Drag Me to Hell!
That’s the title of the first horror movie with a credit crunch theme. No kidding. We just read about it in the Financial Times.
The idea of the movie is simple enough. A young woman is a mortgage loan officer at an LA bank. She wants a promotion…but to get it she has to prove that she’s tough enough to say ‘no.’ So when a creepy customer comes in and asks for an extension of her mortgage, the woman rejects the proposal…perhaps a little too coldly.
Then begins the horror.
But just look around. There are plenty of frightening and unnatural scenes going on.
Broadly speaking, it’s a merciless war between inflation and deflation. But there are many different attacks, ambushes, counterattacks, feints, and massacres going on.
The Dow retreated 173 points yesterday. Typically, following a major fall in the stock market, there is a ‘reflex rally’ that lasts several months. Our rough guess was that it would carry on until summer. Most analysts thought it would exhaust itself sooner. Who knew? But yesterday, it looked as though the rally may be nearing an end.
The rally itself is a part of a larger battle between two contradictory body parts – the heart and the mind. The heart wants to believe that the worst is over. It reacts sentimentally, remembering the glory days of the great bubble era and wishing they were back. Higher consumer confidence readings sent the stock market higher on Tuesday – the heart ruled.
But on Wednesday, it was the head’s turn. The head looks at the facts: housing and employment are still going down. People will spend less money. Businesses will make less money. Ergo, no reason to expect stocks to go up. Instead, they’re more likely to go down. The Dow scurried back to the lines it occupied at the beginning of the week.

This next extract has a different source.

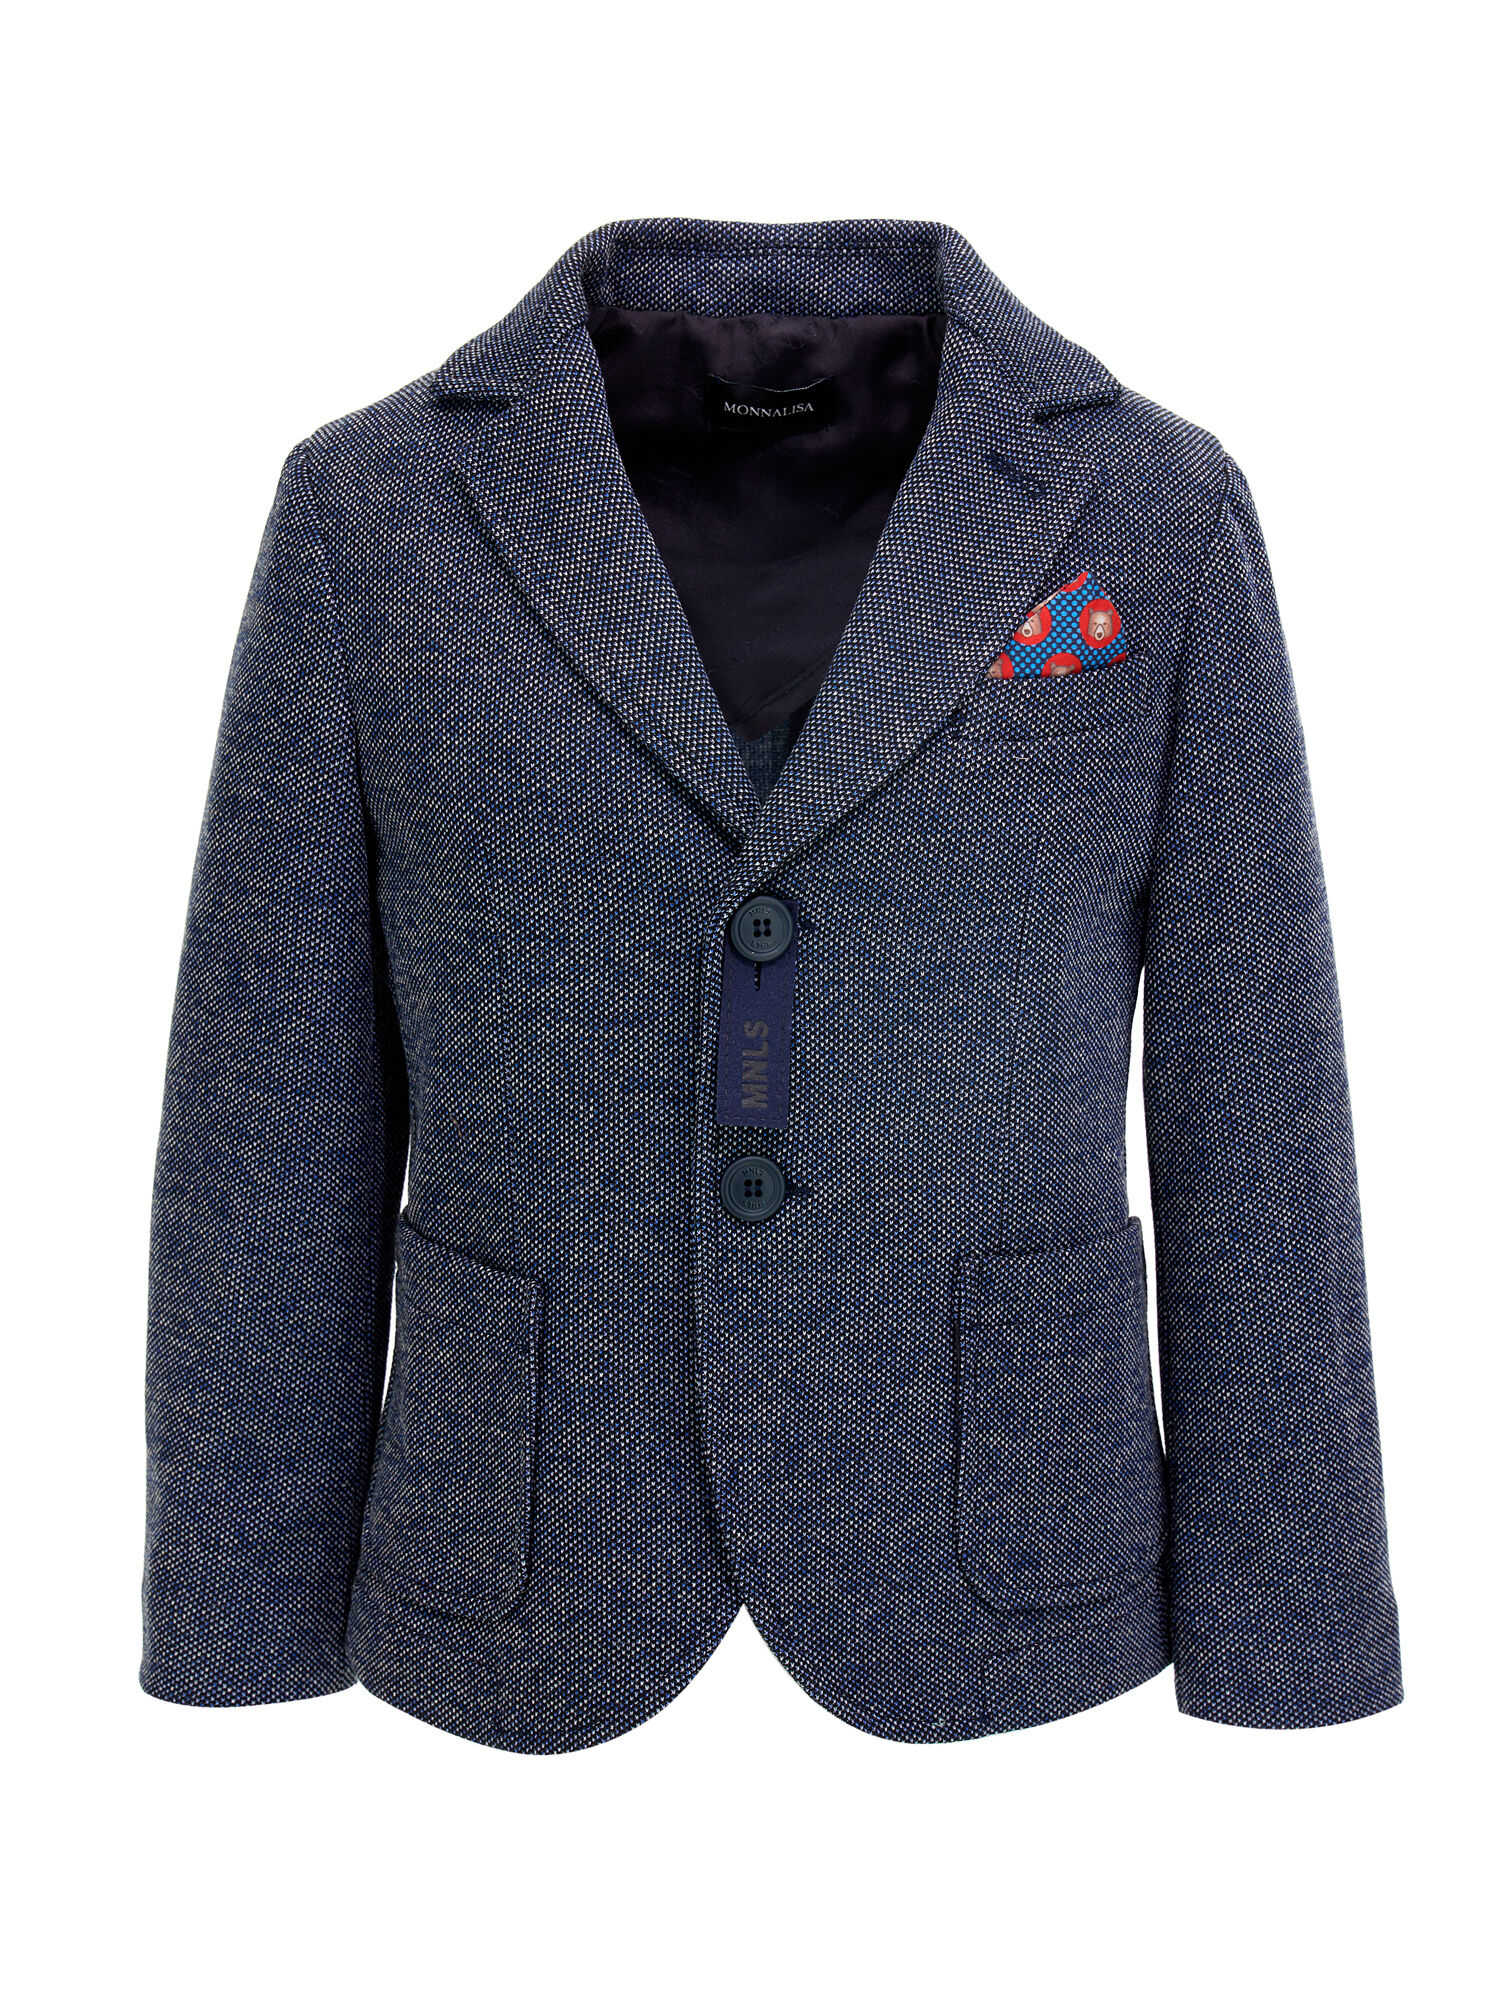 Monnalisa Boys Clothing Jackets Blazers Knitted jacket with pocket square

The head noticed, too, that the Treasury market is getting slammed by higher yields. The long bond yielded 4.56% yesterday – up from well below 3% at the end of last year.
“Treasury yields give cause for concern,” says this morning’s Financial Times.
“Rising Treasury yields threaten to stifle economic recovery,” continues another article in the same paper.
But has the top of the bond market really passed? Is the credit cycle now in full retreat? Will homeowners and businessmen be tortured with higher interest rates?
Those are the questions the head was asking yesterday. And it didn’t like the answers. If there were any green shoots, it reasoned, higher interest rates could crush them.
And then at least a few heads began thinking about what this meant to the big strategic issues…and how this flick will turn out.
At the end of last year, America’s great buddy, China, changed its policy. Instead of buying long-dated US debt, China began buying the short stuff. China’s top man openly wondered whether the US would be able to protect the value of the dollar and keep its promises to foreign lenders.
“We have a huge amount of money in the United States,” we quoted China’s premier just yesterday. He reminded the US that China had entrusted a lot of its wealth to US paper and went on to request that America respect its obligations to bond buyers. Obviously, the Chinese must wonder if the US is capable of protecting its currency while still funding its war against deflation.
Tim Geithner promptly responded. “Yes we can!” But the Chinese cogitated on the matter… “No they can’t,” they began to think. Then, they switched to buying short-term US debt, leaving the longer-term bonds to other buyers. Since the Chinese were the biggest buyers at US Treasury debt auctions, this switch in policy had a quick and noticeable effect. Bills rose. Bonds fell. The yield on bills fell to below zero, while the yield on the 30-year bond has gone steadily up.
If America’s supply lines to cheap credit have been cut, she is at a great strategic disadvantage. Or rather, her pre-existing strategic disadvantage is becoming more apparent: she depends on foreigners just to be able to continue living in the style to which she has become accustomed. As the president of the United States of America acknowledged this week:
“We’re out of money now.”
But how does this affect the war between inflation and deflation?
The US is on the side of inflation, of course. It put its whole economy on a war footing and has earmarked more resources (in real terms no less), to the fight than it spent on WWII.
In a larger sense, the US is at war with capitalism…and with nature herself. Markets have natural rhythms. They go from boom to bust…from inflation to deflation…from expansion to contraction naturally. Trying to stop the bust is futile. It is a fight against Fate…a losing proposition. And it is diabolically unnatural. You have to take the bad with the good in life. There’s no going to Heaven without dying. And you can’t rebuild a house without tearing down the old one. Mistakes must be corrected. Old, worn-out businesses have to go out of business so that new ones can take their places. Bad investments need to be deflated…liquidated. Failed managers and failed business models must be eliminated. Bubble delenda est.
The feds can’t beat nature. The bubble can’t be reflated. They can’t make the situation better than it would be if they left it alone. But they can make it a lot worse.